◆ Stored data ◆

BEGIN

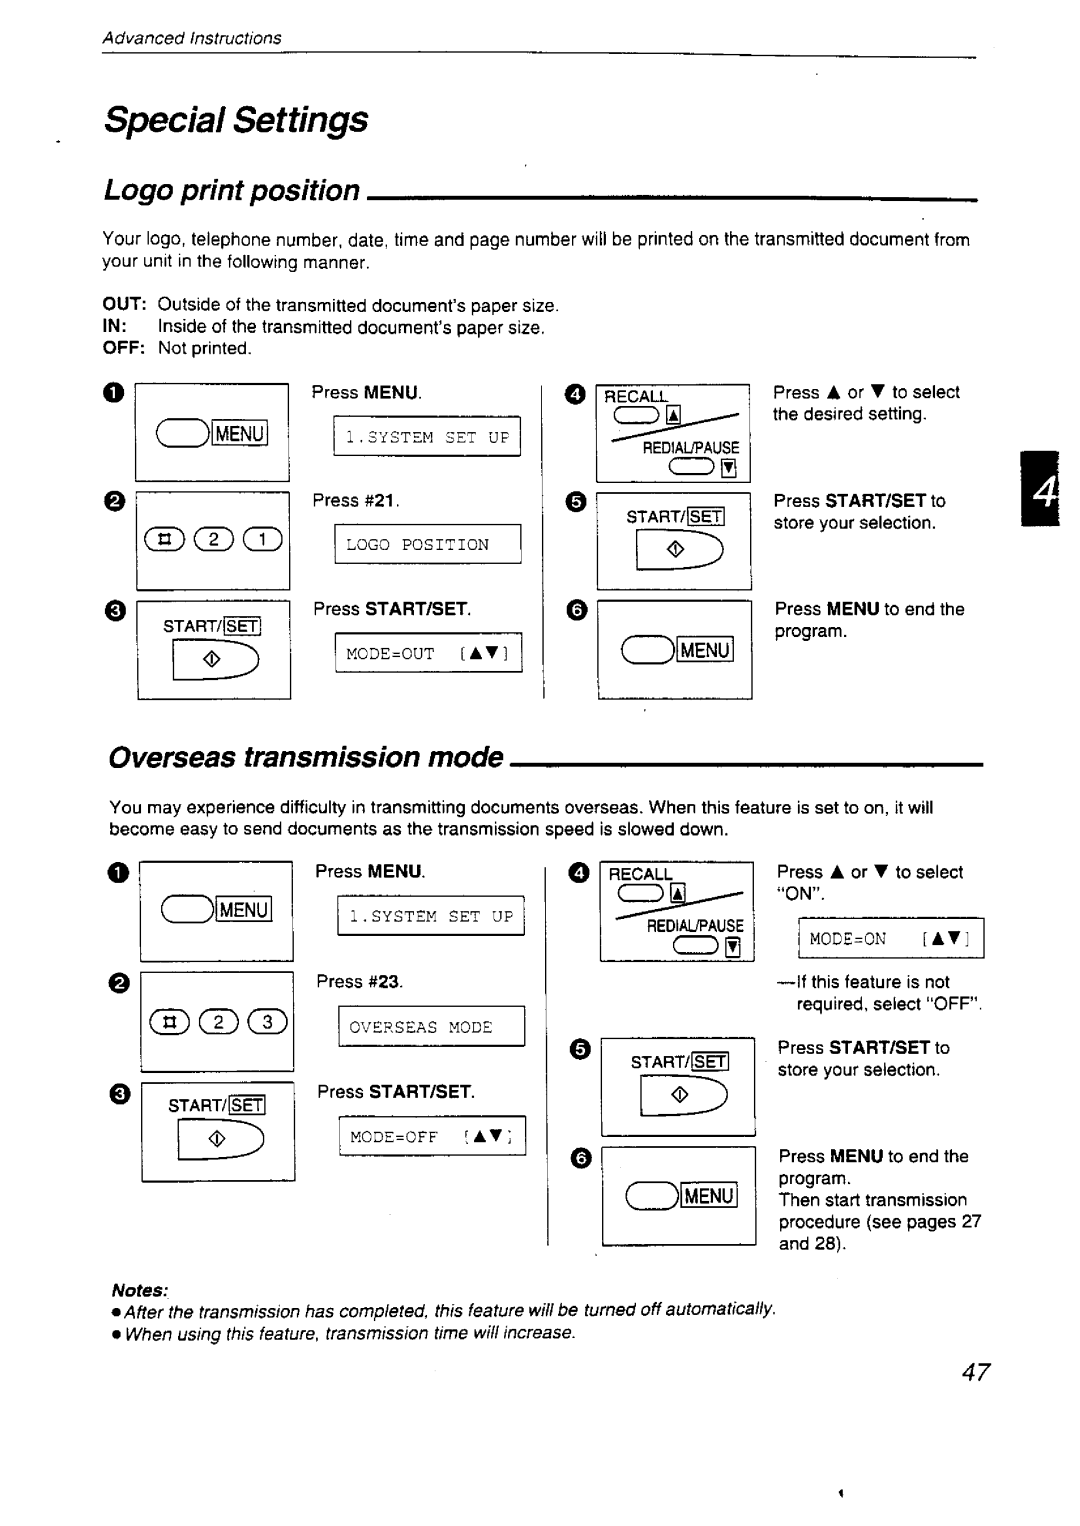 Panasonic KX-F2750NZ, KX-F2710NZ manual 
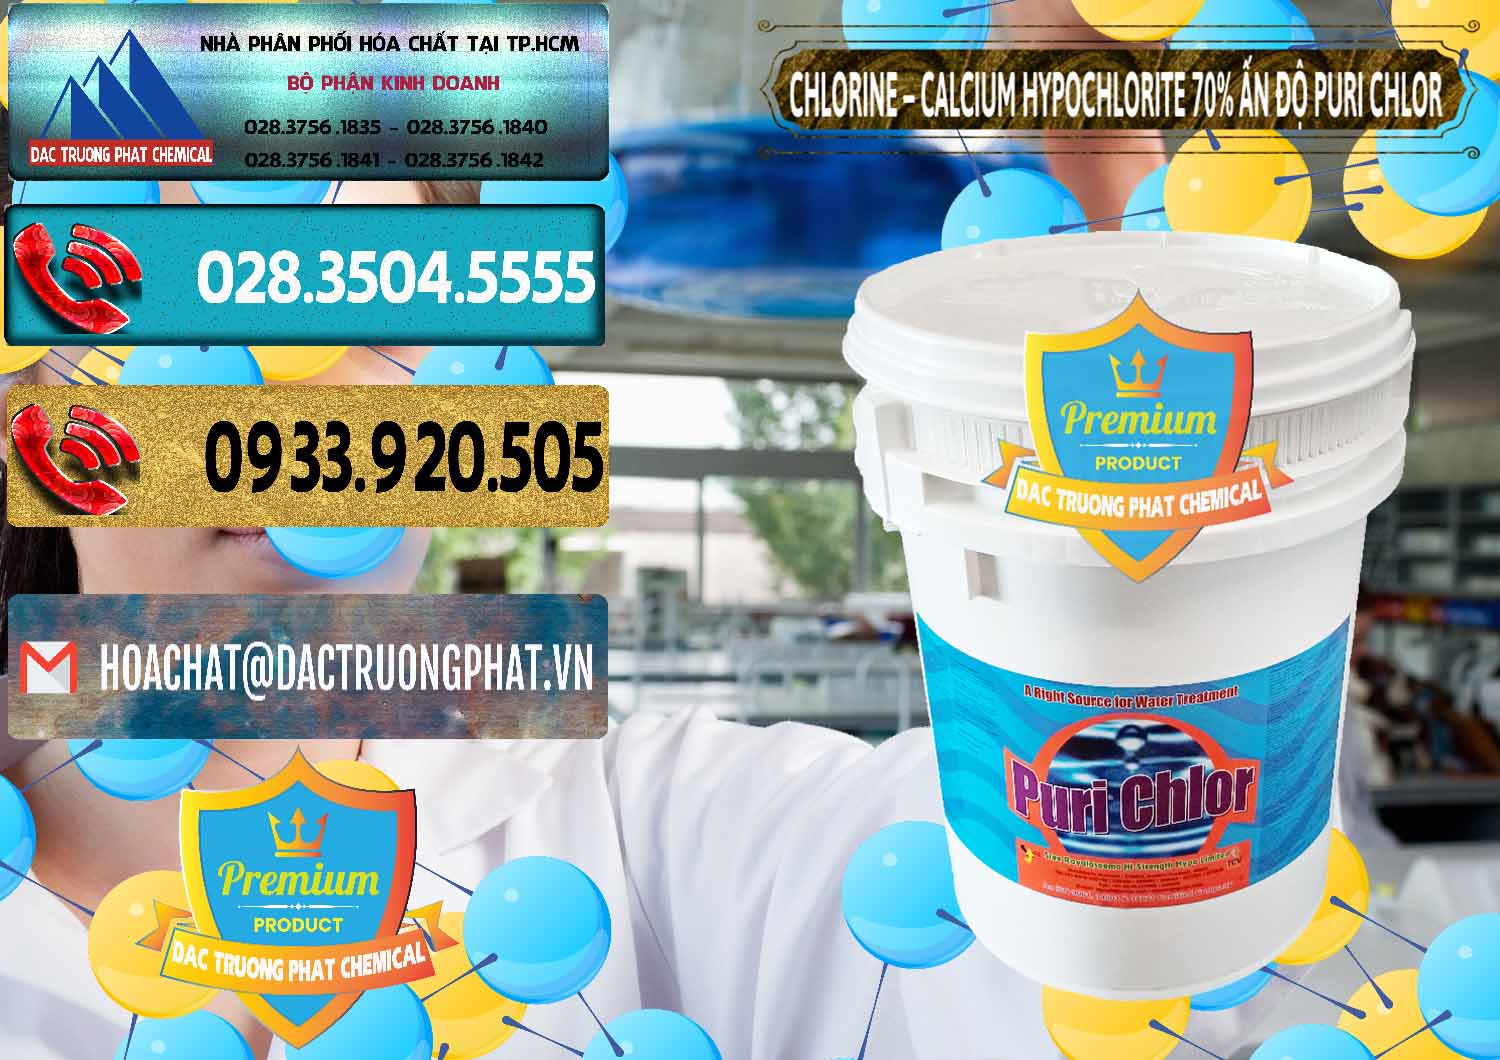 Đơn vị chuyên kinh doanh và bán Chlorine – Clorin 70% Puri Chlo Ấn Độ India - 0123 - Nơi chuyên cung cấp & bán hóa chất tại TP.HCM - hoachatdetnhuom.com
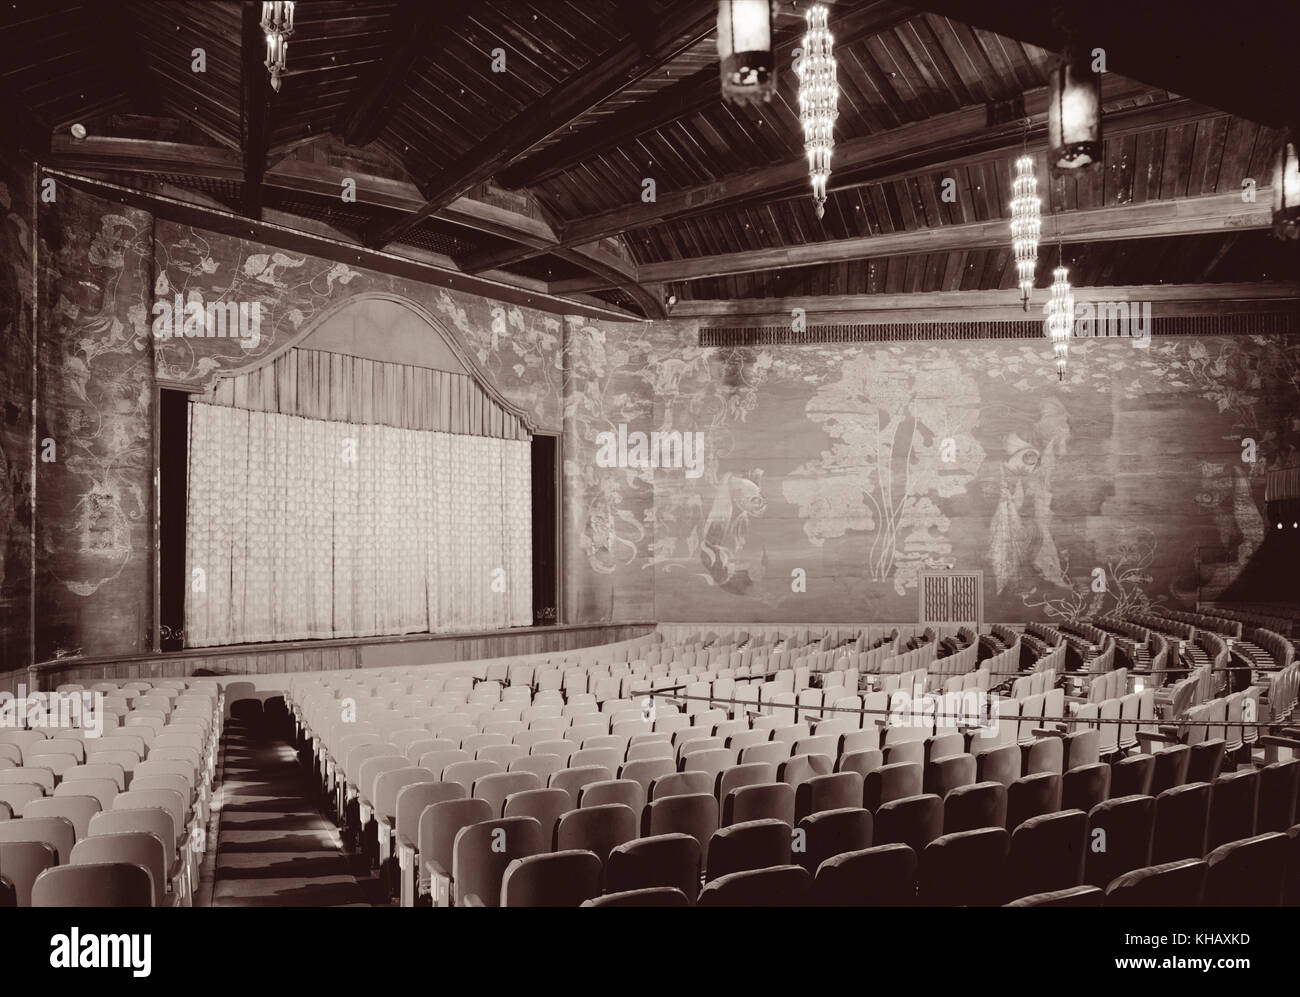 Innenansicht des Paramount Theatre in Palm Beach, Florida. Die historische Film Palast wurde 1926 gebaut und entworfen, im maurischen Erweckung und Spanish Colonial Revival Stil von Joseph Urban als stummfilmkino Kurz vor dem Aufkommen des Tonfilms''. (Foto c 1972) Stockfoto
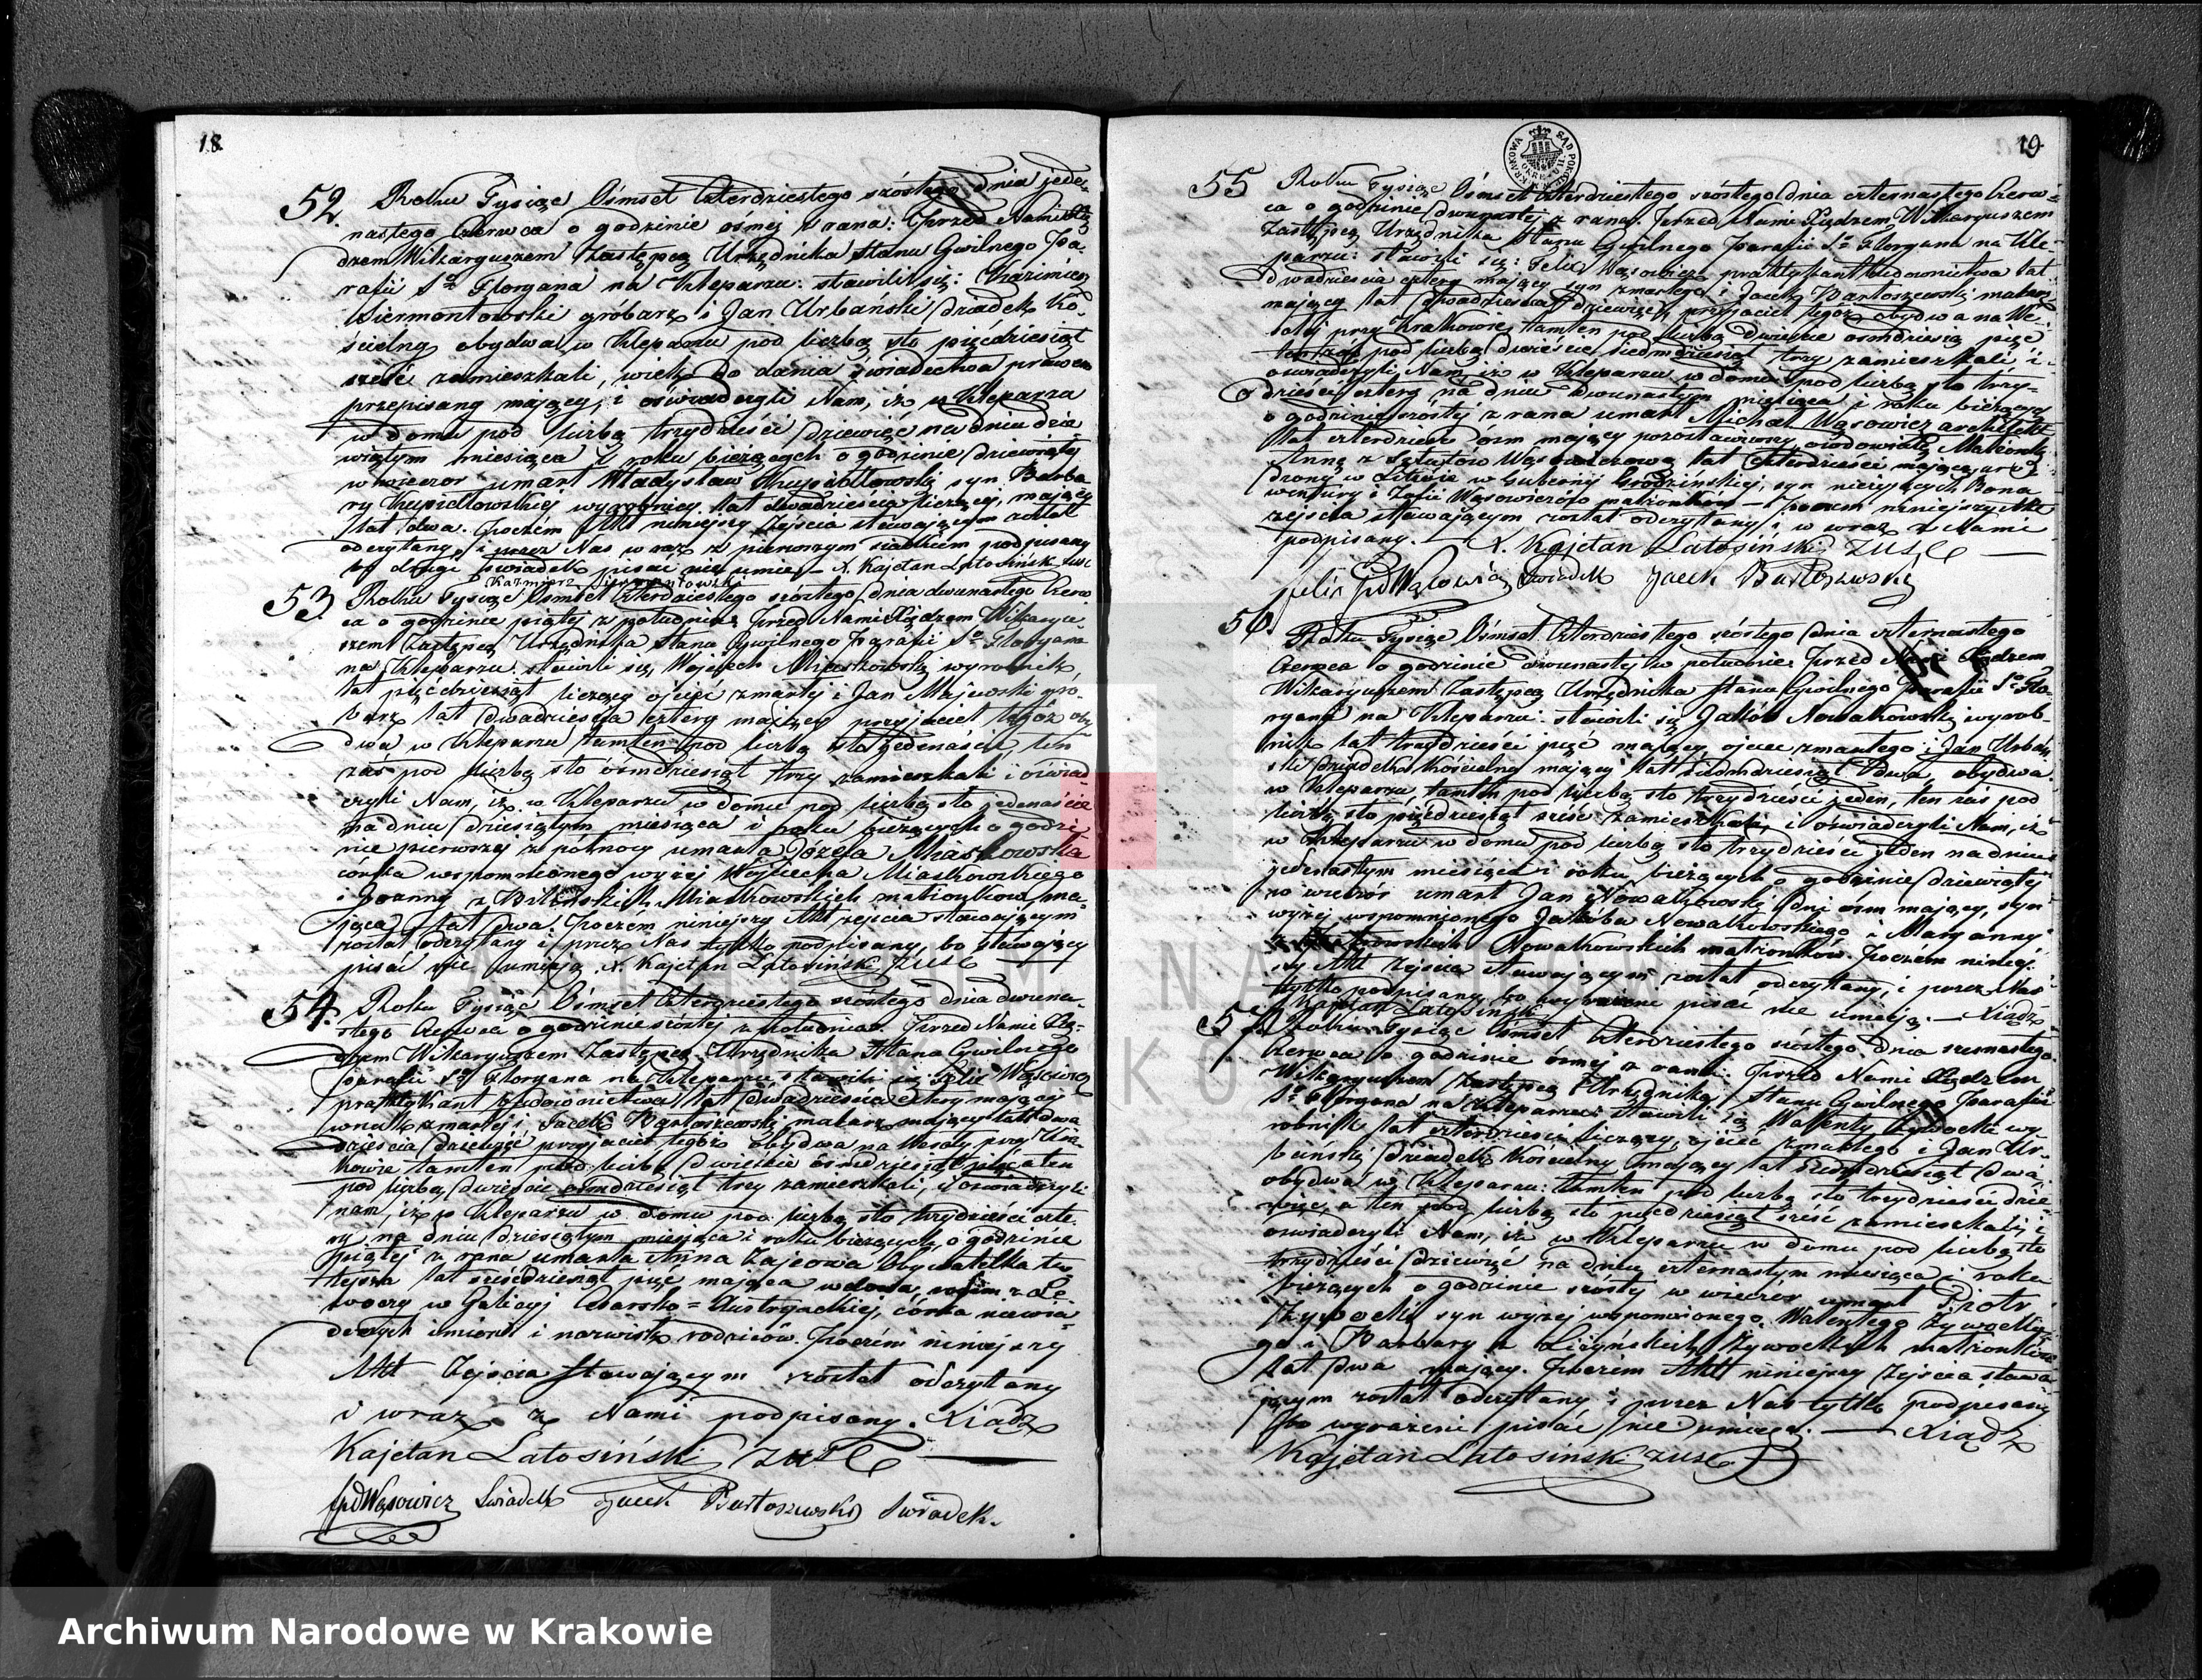 Skan z jednostki: Księga Aktów Zejścia dla Parafii So. Floryana na Kleparzu na rok 1846 sporządzona

END

◆ About this exercise ◆
Your task is to repeat the material above exactly, without its pictures.

◆ Answer ◆
 Panasonic KX-F2750NZ, KX-F2710NZ manual 
 Đơn vị chuyên kinh doanh và bán Chlorine – Clorin 70% Puri Chlo Ấn Độ India - 0123 - Nơi chuyên cung cấp & bán hóa chất tại TP.HCM - hoachatdetnhuom.com
 Innenansicht des Paramount Theatre in Palm Beach, Florida. Die historische Film Palast wurde 1926 gebaut und entworfen, im maurischen Erweckung und Spanish Colonial Revival Stil von Joseph Urban als stummfilmkino Kurz vor dem Aufkommen des Tonfilms''. (Foto c 1972) Stockfoto
 Skan z jednostki: Księga Aktów Zejścia dla Parafii So. Floryana na Kleparzu na rok 1846 sporządzona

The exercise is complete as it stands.